Given information:
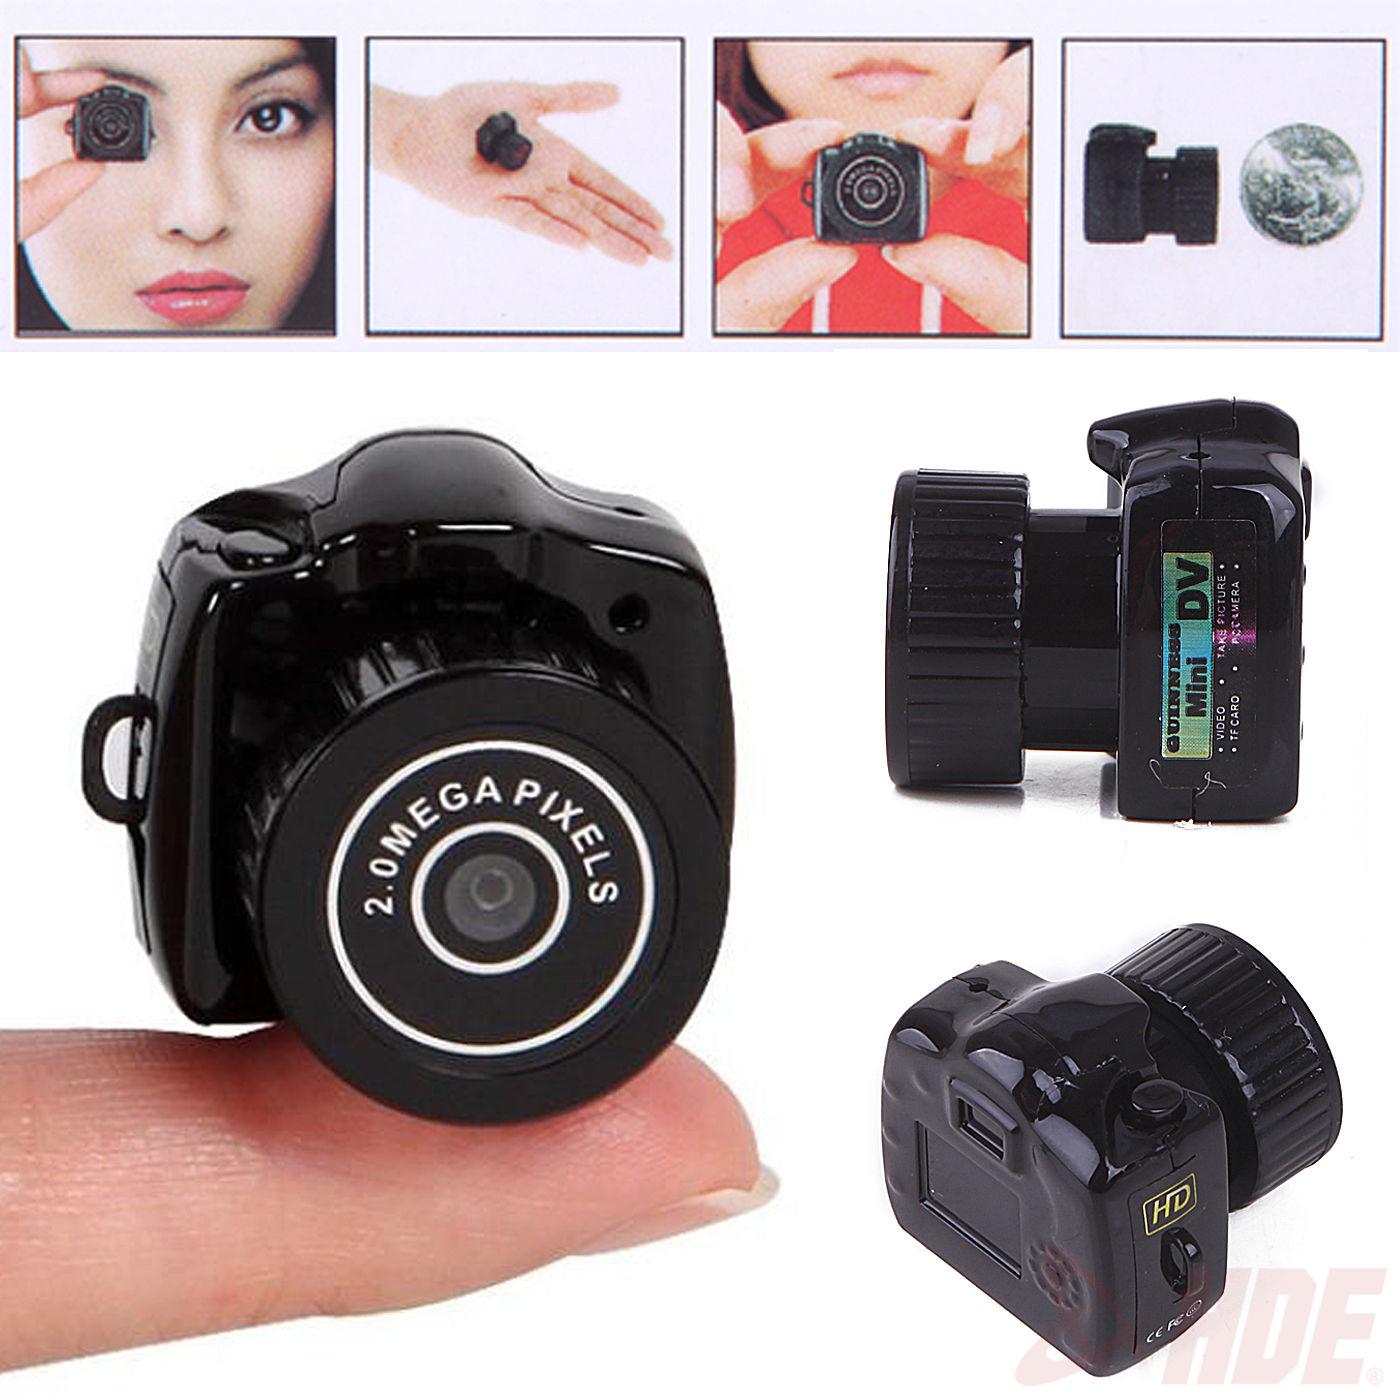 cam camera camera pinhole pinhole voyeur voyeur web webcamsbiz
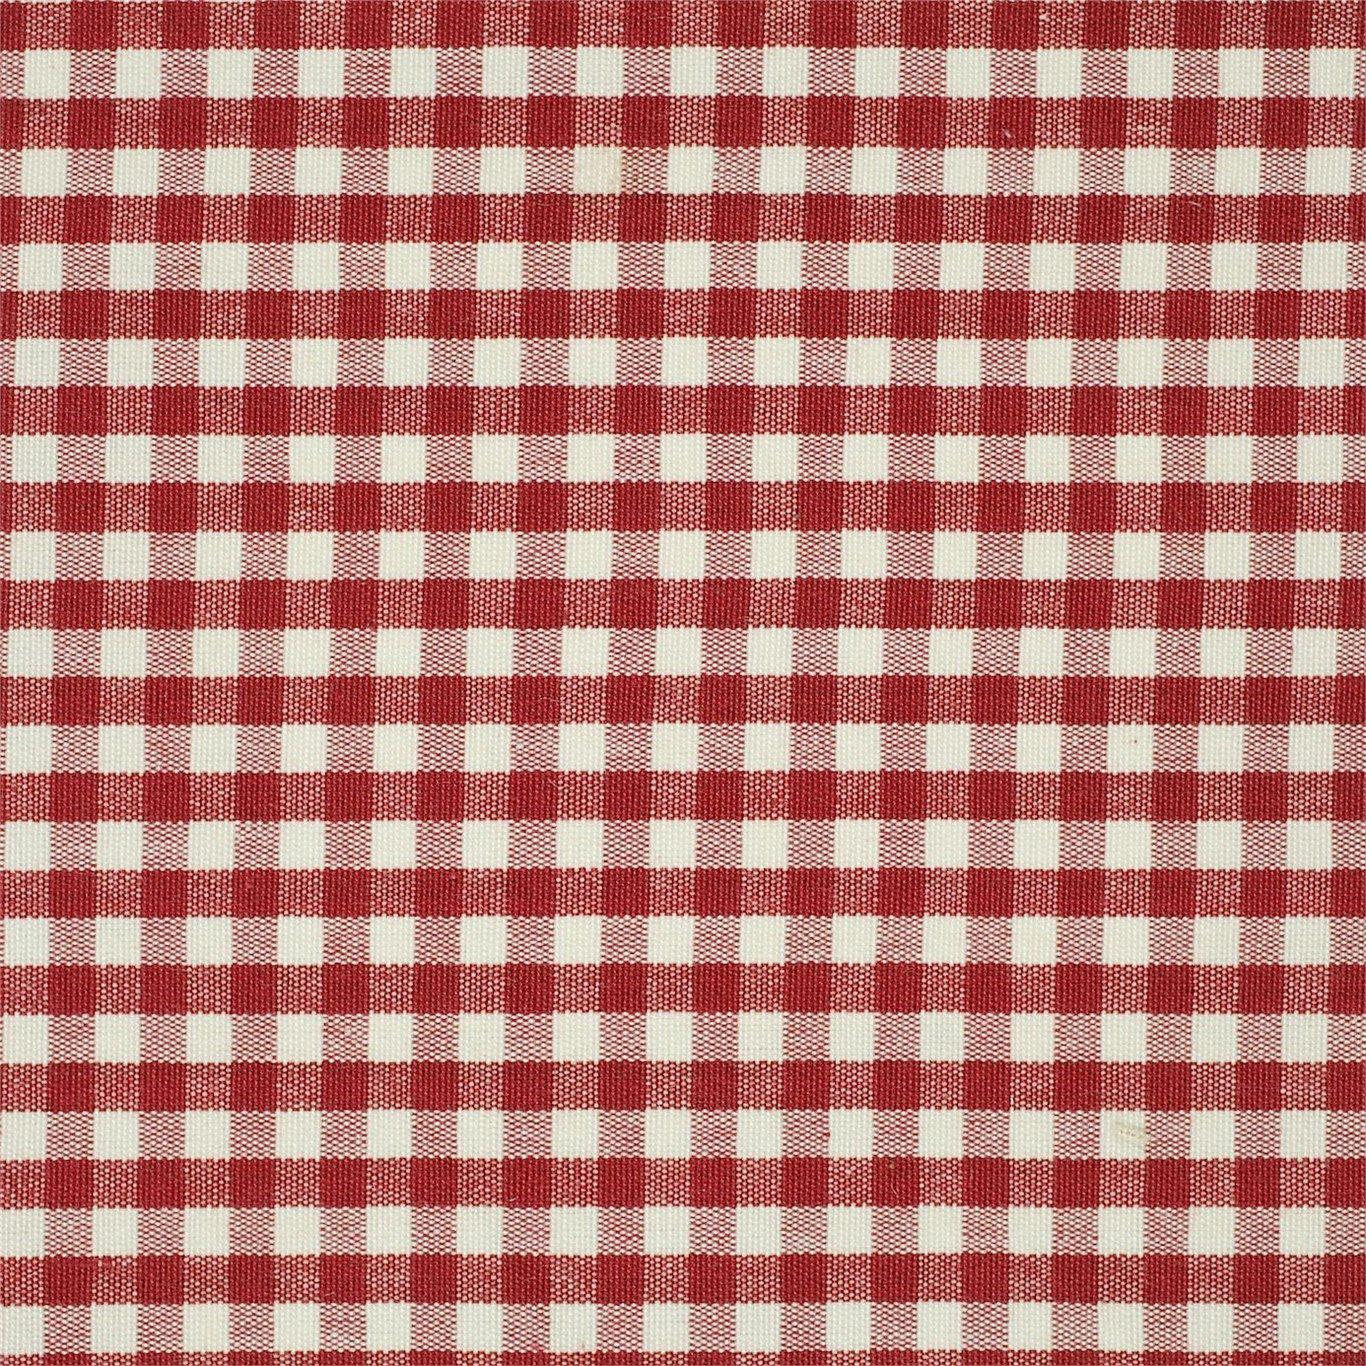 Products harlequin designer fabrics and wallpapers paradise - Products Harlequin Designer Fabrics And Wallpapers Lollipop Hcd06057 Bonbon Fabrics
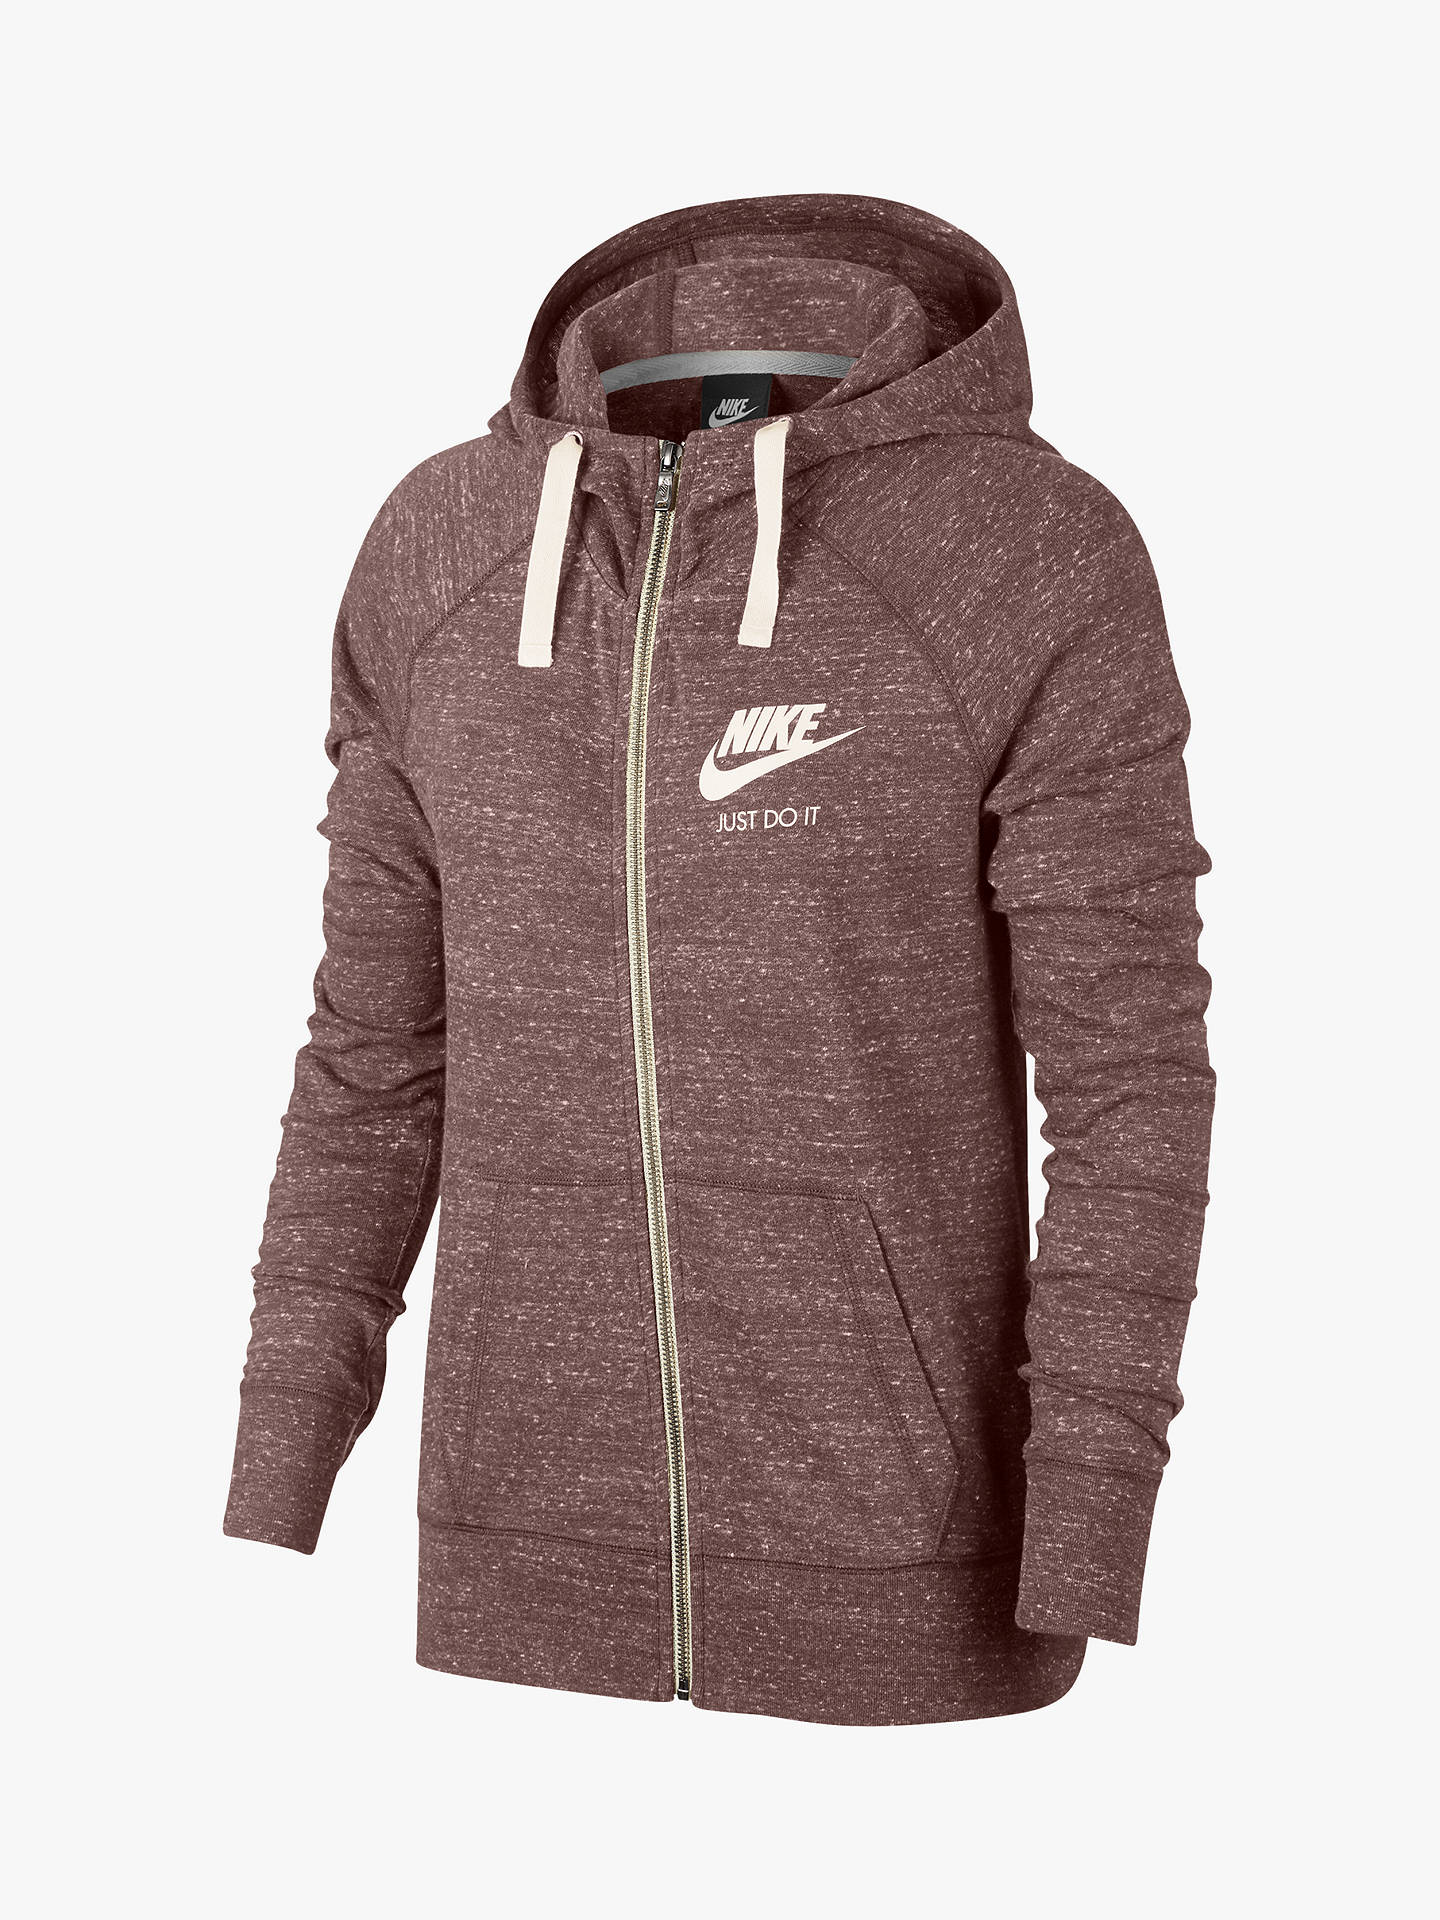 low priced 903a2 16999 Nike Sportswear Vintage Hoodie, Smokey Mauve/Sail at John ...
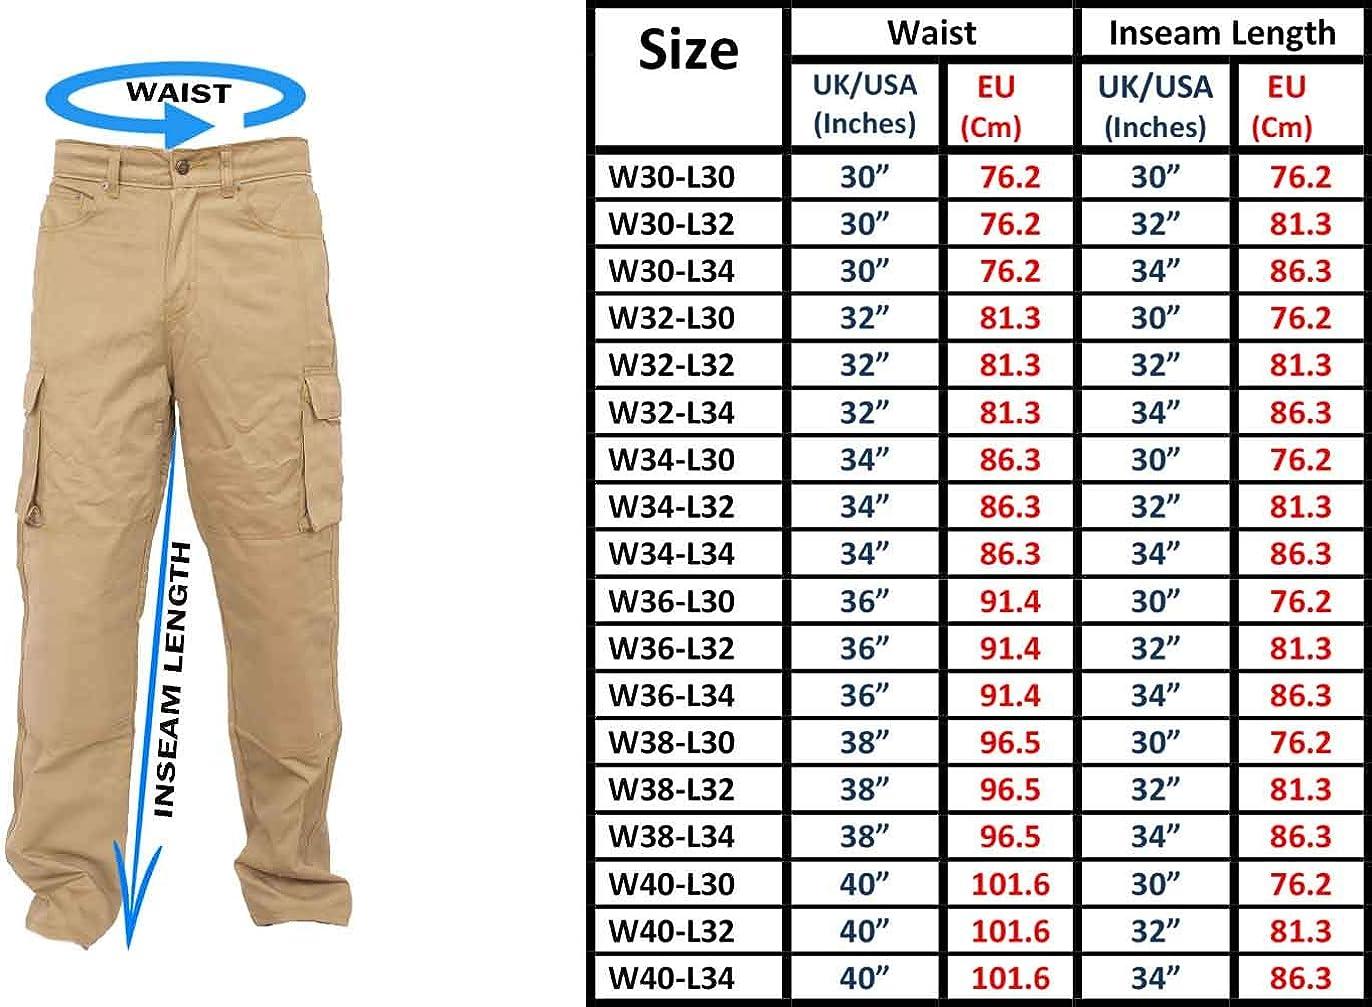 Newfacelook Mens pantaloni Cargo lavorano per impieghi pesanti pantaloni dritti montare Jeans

Instructions for the task: Give the data again exactly as written, with all pictures left out.

Written answer:
 cam camera camera pinhole pinhole voyeur voyeur web webcamsbiz
 Products harlequin designer fabrics and wallpapers paradise - Products Harlequin Designer Fabrics And Wallpapers Lollipop Hcd06057 Bonbon Fabrics
 low priced 903a2 16999 Nike Sportswear Vintage Hoodie, Smokey Mauve/Sail at John ...
 Newfacelook Mens pantaloni Cargo lavorano per impieghi pesanti pantaloni dritti montare Jeans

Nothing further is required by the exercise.